I think those of us who know something of the Hertzsprung-Russell diagram, imagine that because it shows a nice clean correlation between spectral class and luminosity, that Main Sequence stars are bound to be more or less uniformly spread along this band - i.e. as many type A's and B's as there are K's and M's.

A complete fallacy! I remember learning the true picture when I was a student. Most of the stars in the Galaxy are concentrated at the K, M, R N and S end of the diagram. The Sun as a G is well over to the hotter and brighter side of the mean - although it does sit more or less on the median (brighter than it are the O, B, A and F's).

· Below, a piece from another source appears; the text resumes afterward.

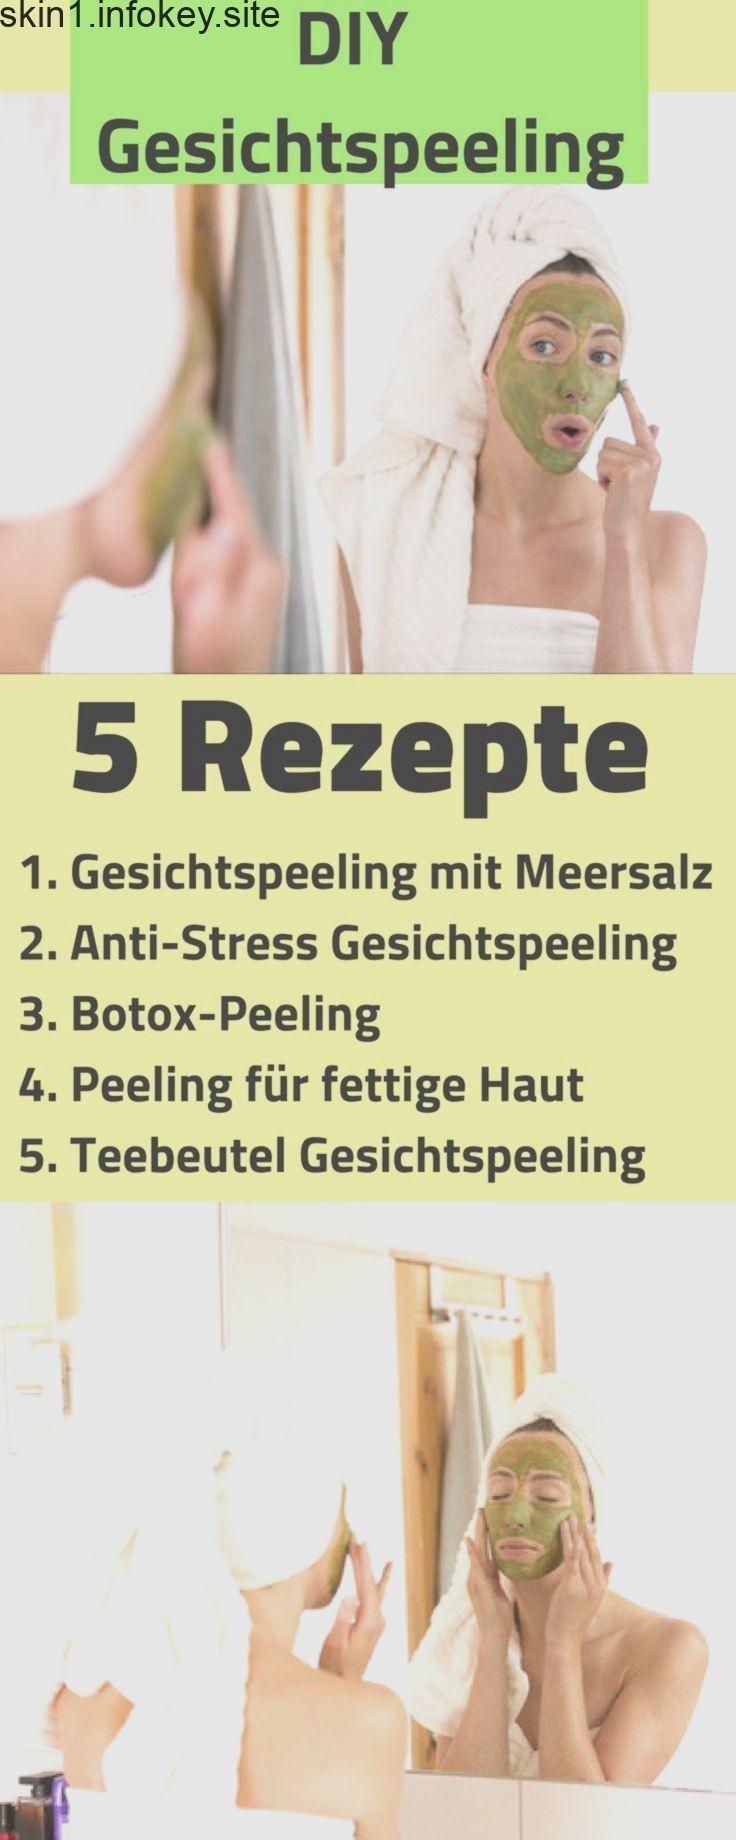 Types of Facial Peeling - 5 Easy Recipes ... -  Hautpflege-Rezepte
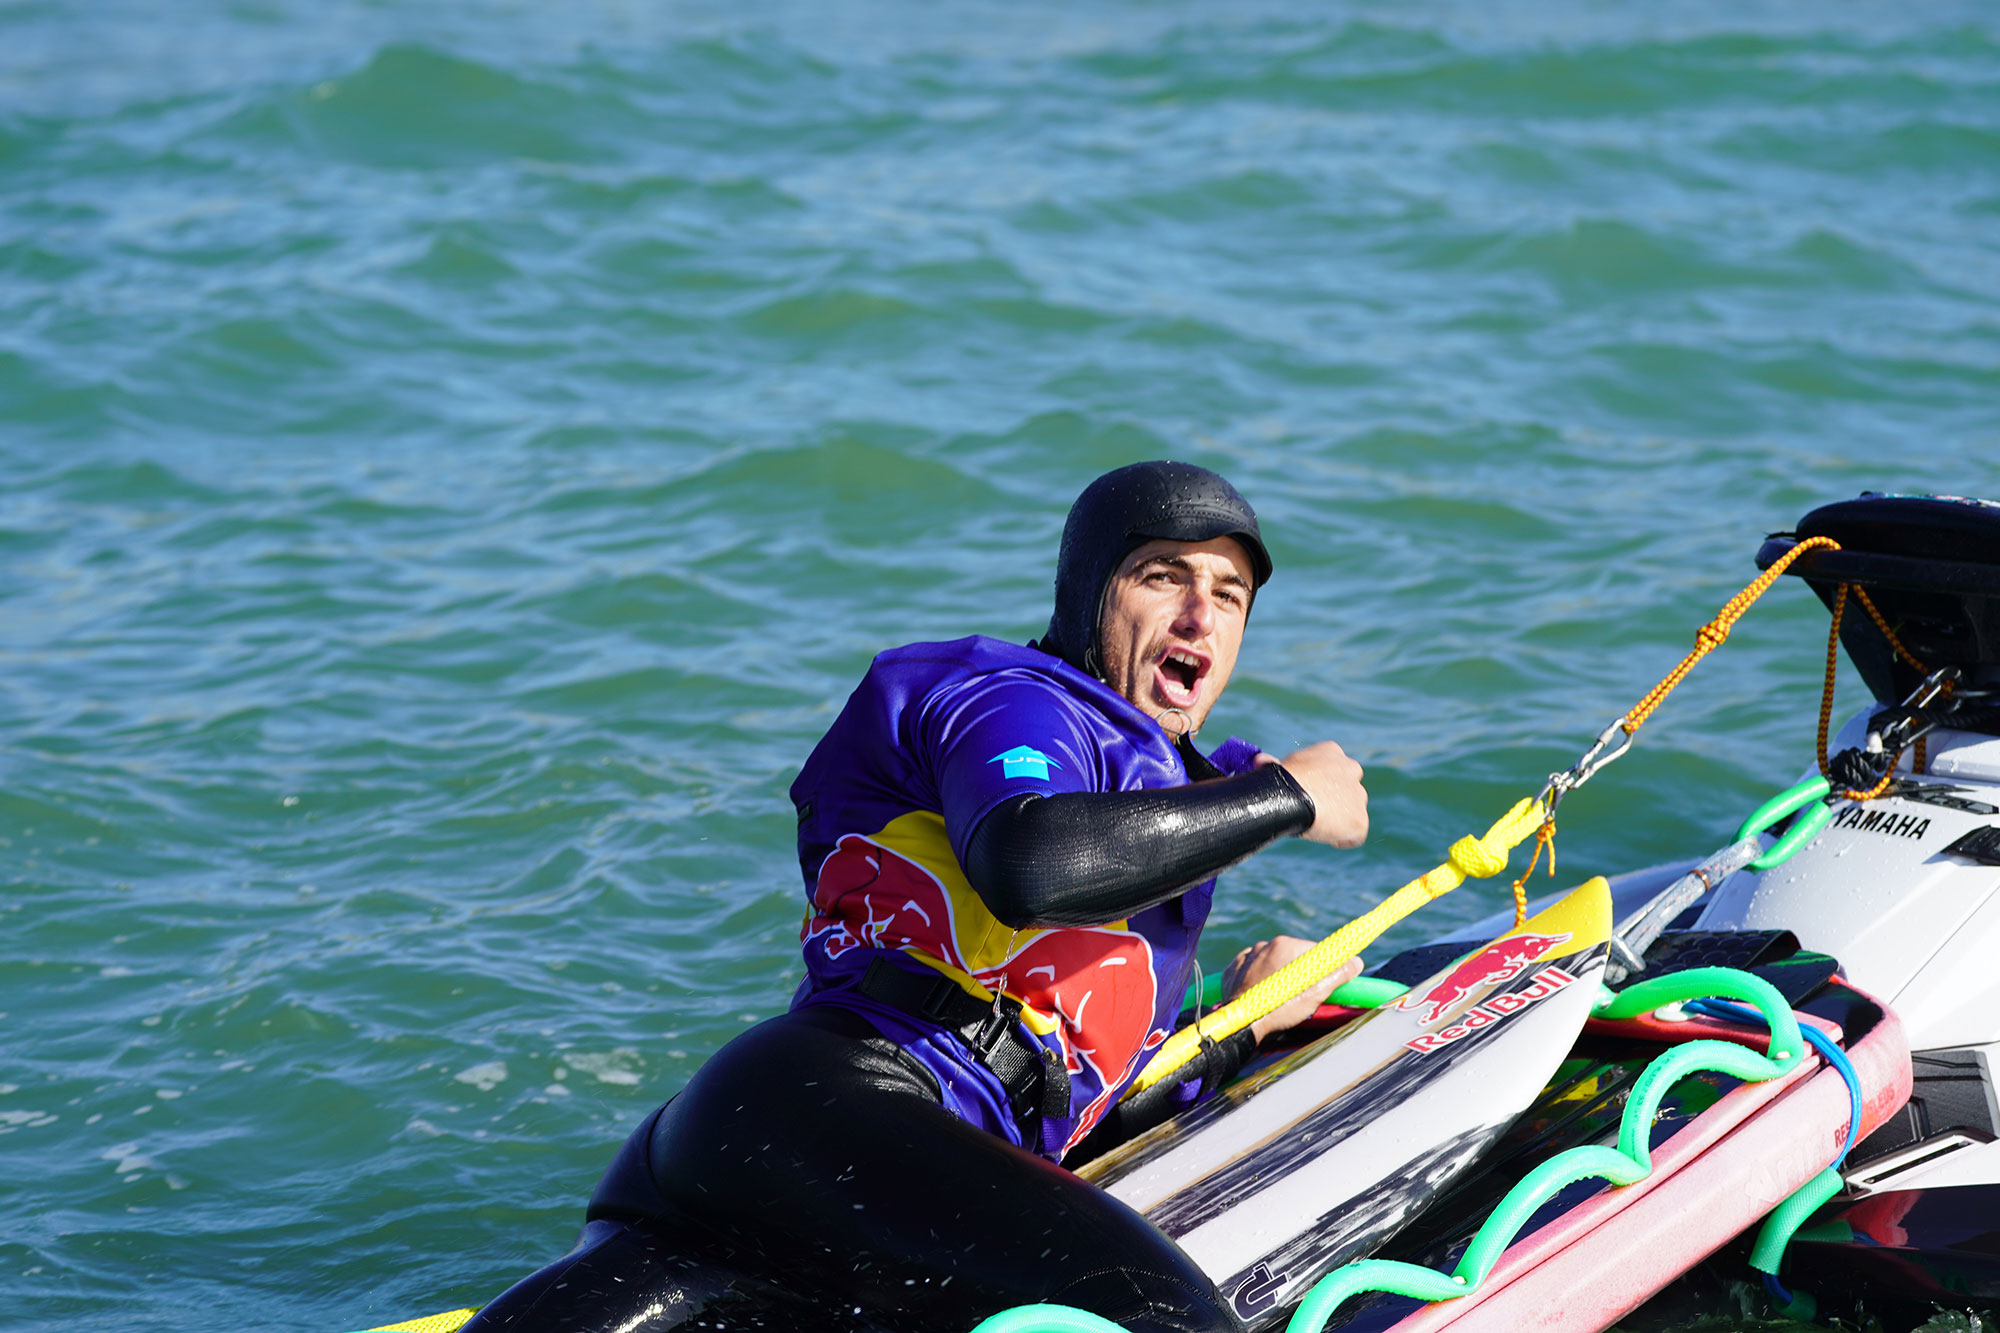 Natxo González celebra su nueva hazaña. | Foto: Jon Aspuru / Red Bull Content Pool

This explains that 'top 20%' statement.

Indeed, as if there was not enough things that had to be "just so" to enable life here on earth, the moon being just the right size and distance from the sun to enable a total eclipse is like whoever or whatever created all of this left a calling card or signed his work...
I've often puzzled over this (this was something we didn't go over in the astronomy course!). Perhaps the 'coincidence' has driven the human race's obsession and fascination with eclipses, throughout history. If we were blessed with a natural satellite of much larger or smaller apparent size, then humans would have no experience and therefore no interest in this phenomenon. Perhaps - as a consequence - astronomy itself would have figured far less in human culture. Who can say?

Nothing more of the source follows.